Ночь была дождливая и ветреная. Впереди, из-за рощи, к небу поднимались не слишком яркие, притемненные дождем осветительные ракеты. Там беспорядочно взмахивали ветвями черные деревья. За той рощей было сделавшееся в последнее время знаменитым озеро Балатон. Совсем недавно здесь шли упорные сражения. Немцы собрали кулак из одиннадцати танковых и механизированных дивизий и начали контрнаступление на Будапешт. А нашу гвардейскую армию в это время держали в резерве, чтобы теперь, когда обе стороны были измотаны и обескровлены, ввести в бой и добиться заметного стратегического перевеса.

Впереди, за черной рощей, притаился враг. Он выжидал, надеясь в последний раз нанести кровавый удар в грудь побеждающему противнику. На победу в войне он, само собой разумеется, уже не надеялся. Но и признать поражение, не утолив своей злобы, тоже не хотел.

Дождь не ослабевал. Ветер обдавал мое лицо пригоршнями холодных брызг, шинель намокла, сделалась тяжелой, как будто негнущейся. Я ругал себя за то, что упрямо отказывался от комбатовской плащ-палатки. Уезжая, Васюта предлагал мне свою запасную. Я, дурак, отказался.

По степной дороге, зубчатой от прошедших по ней танков, тягачей и самоходок, растеклись глянцево поблескивающие лужи. А ночь делалась все чернее, дождливее, ветренее. Внезапно вдали возникла смутно различимая движущаяся масса. Из тыла к переднему краю шла пехота. Долетели приглушенные лопотанием дождя команды, и вот уже темный и бесконечный, угрюмо нахохлившийся людской поток пополз мимо меня…

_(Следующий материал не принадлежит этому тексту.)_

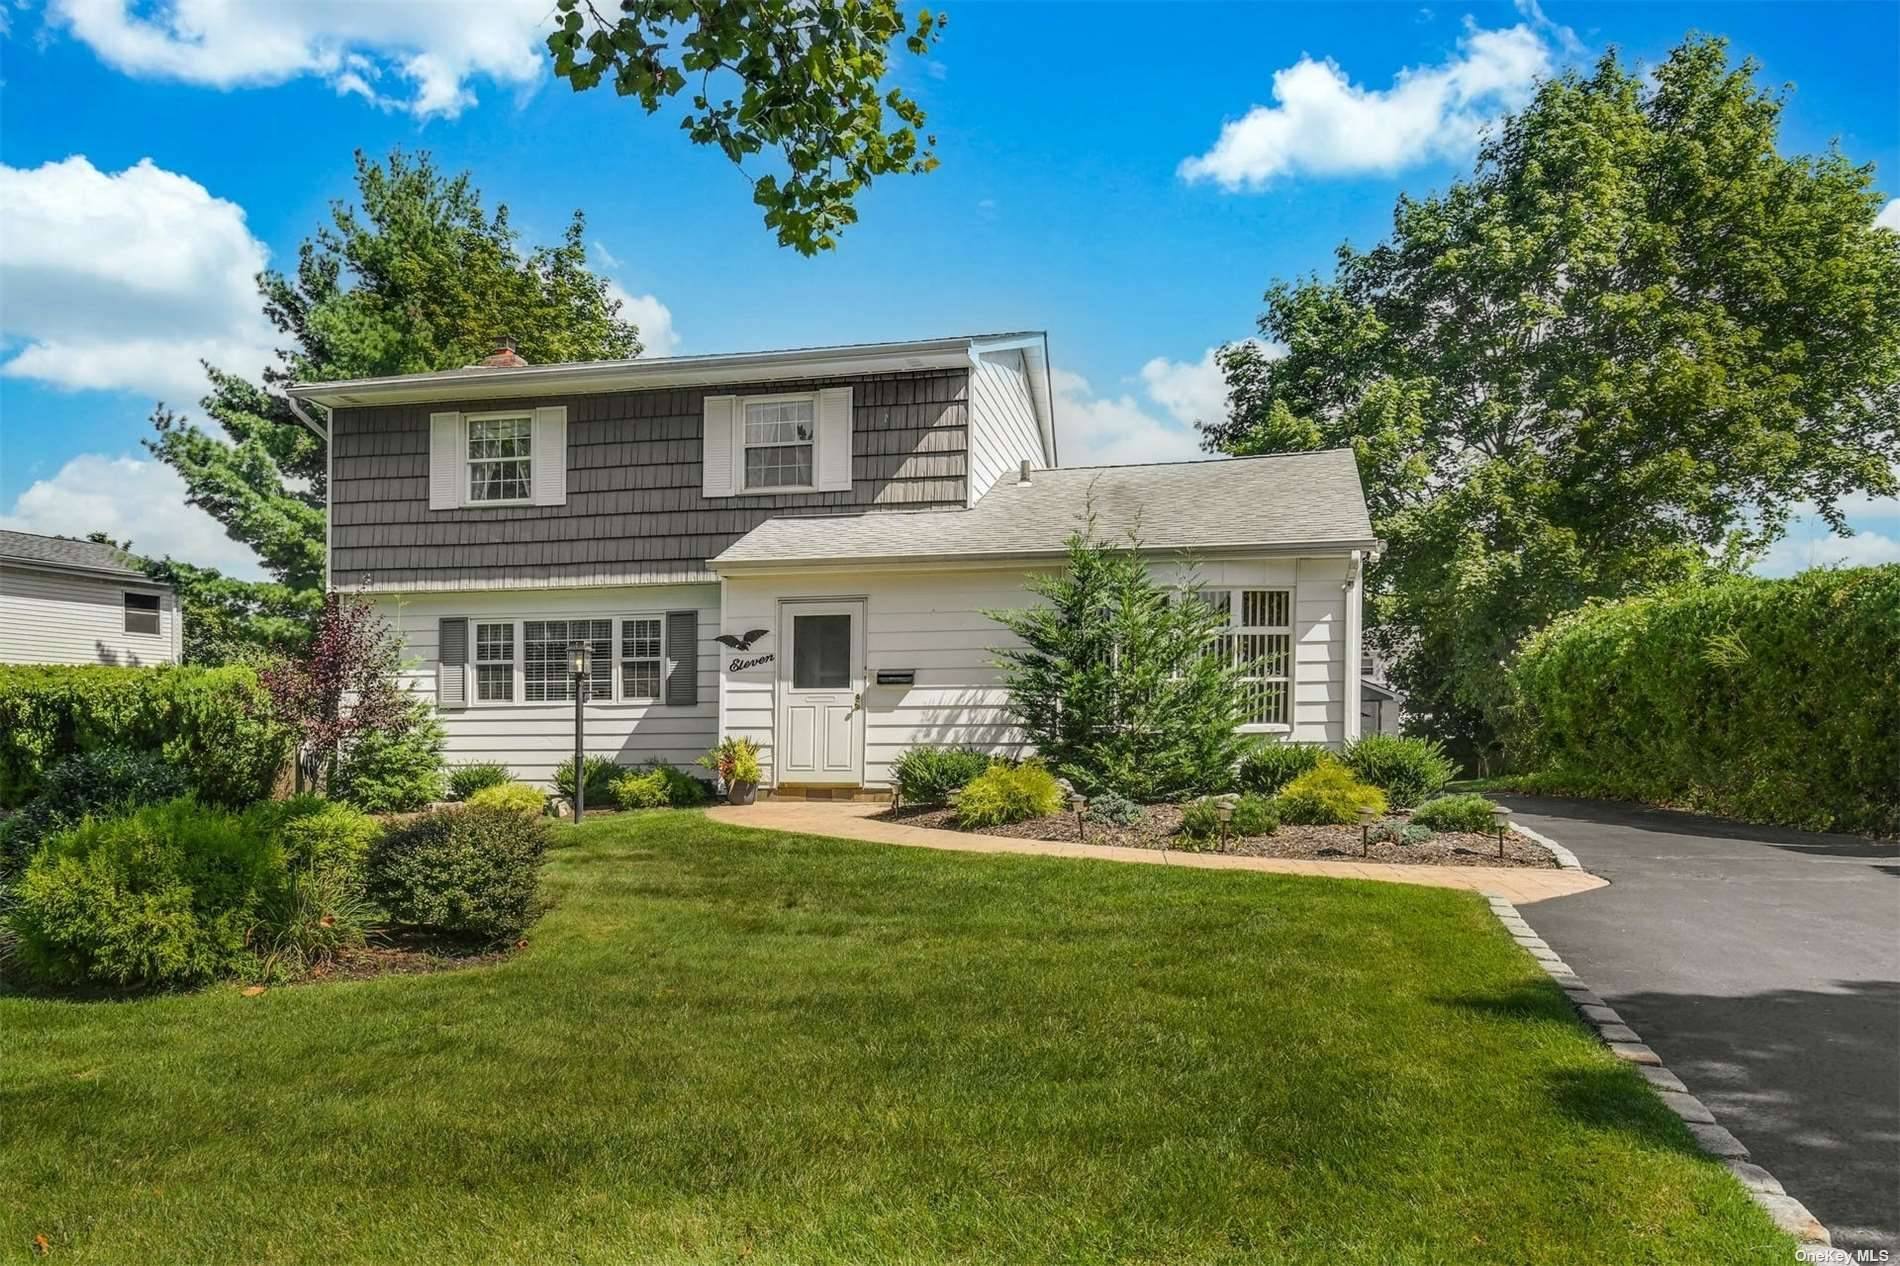 Lovely 4 Bedroom 1. 5 Bath colonial located on a quiet tree lined sidewalk street.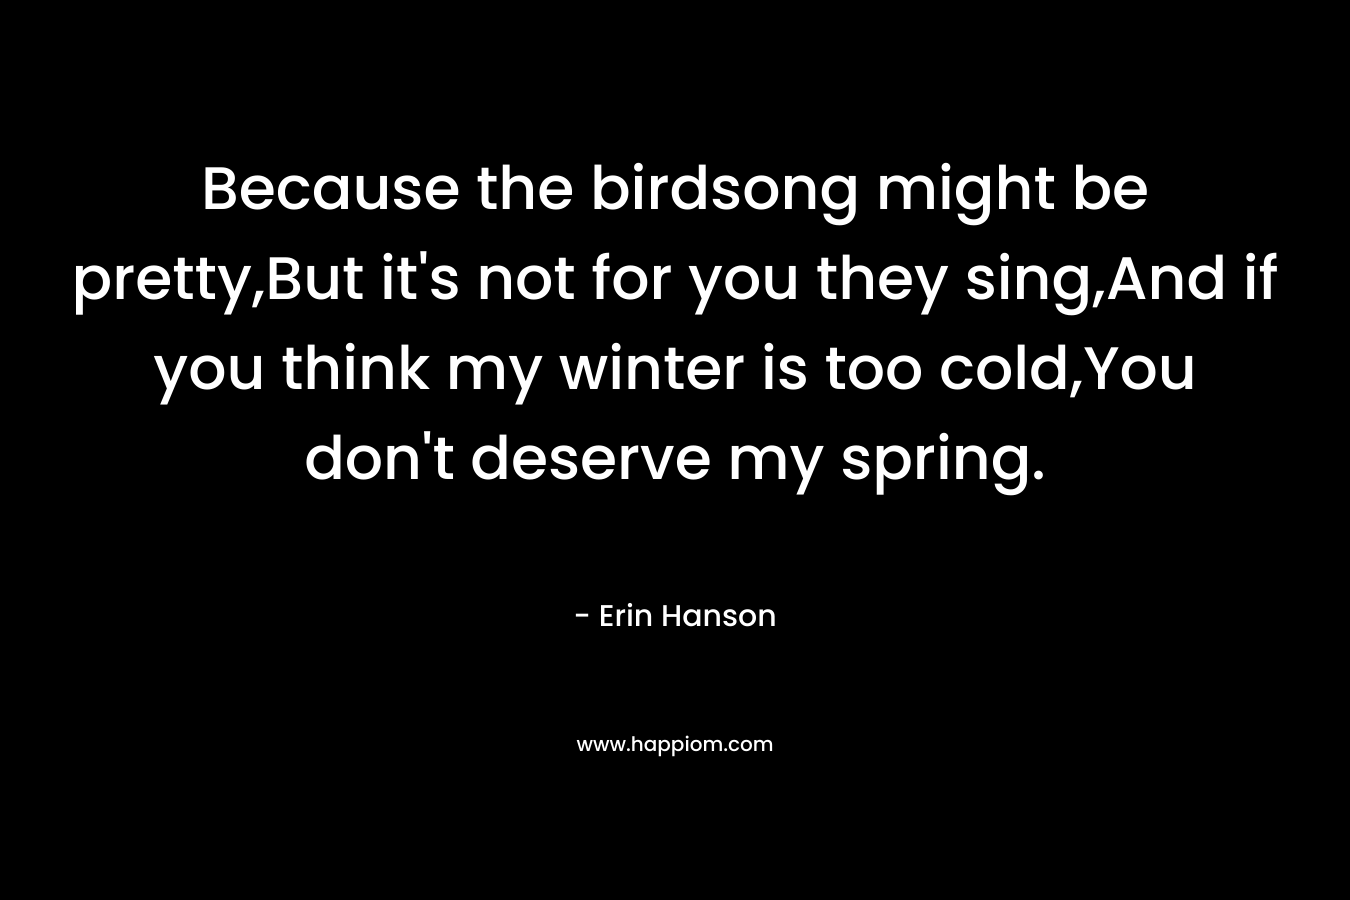 Because the birdsong might be pretty,But it’s not for you they sing,And if you think my winter is too cold,You don’t deserve my spring. – Erin Hanson

До подхода своих — Васюта предупредил, что артбригада начнет занимать позиции на рассвете, — времени оставалось порядочно. Я совершенно околел от холода, промок насквозь и продрог так, что зубы начали выбивать строевые марши. А по чавкающей дороге одна за другой текли колонны пехоты, ползли «студебеккеры», «шевроле» с орудиями на прицепе, «виллисы», «доджи». Машины шли без огней, в колоннах не разговаривали, не курили. Движение войск, нараставшее и нараставшее, выглядело грозно-целеустремленным.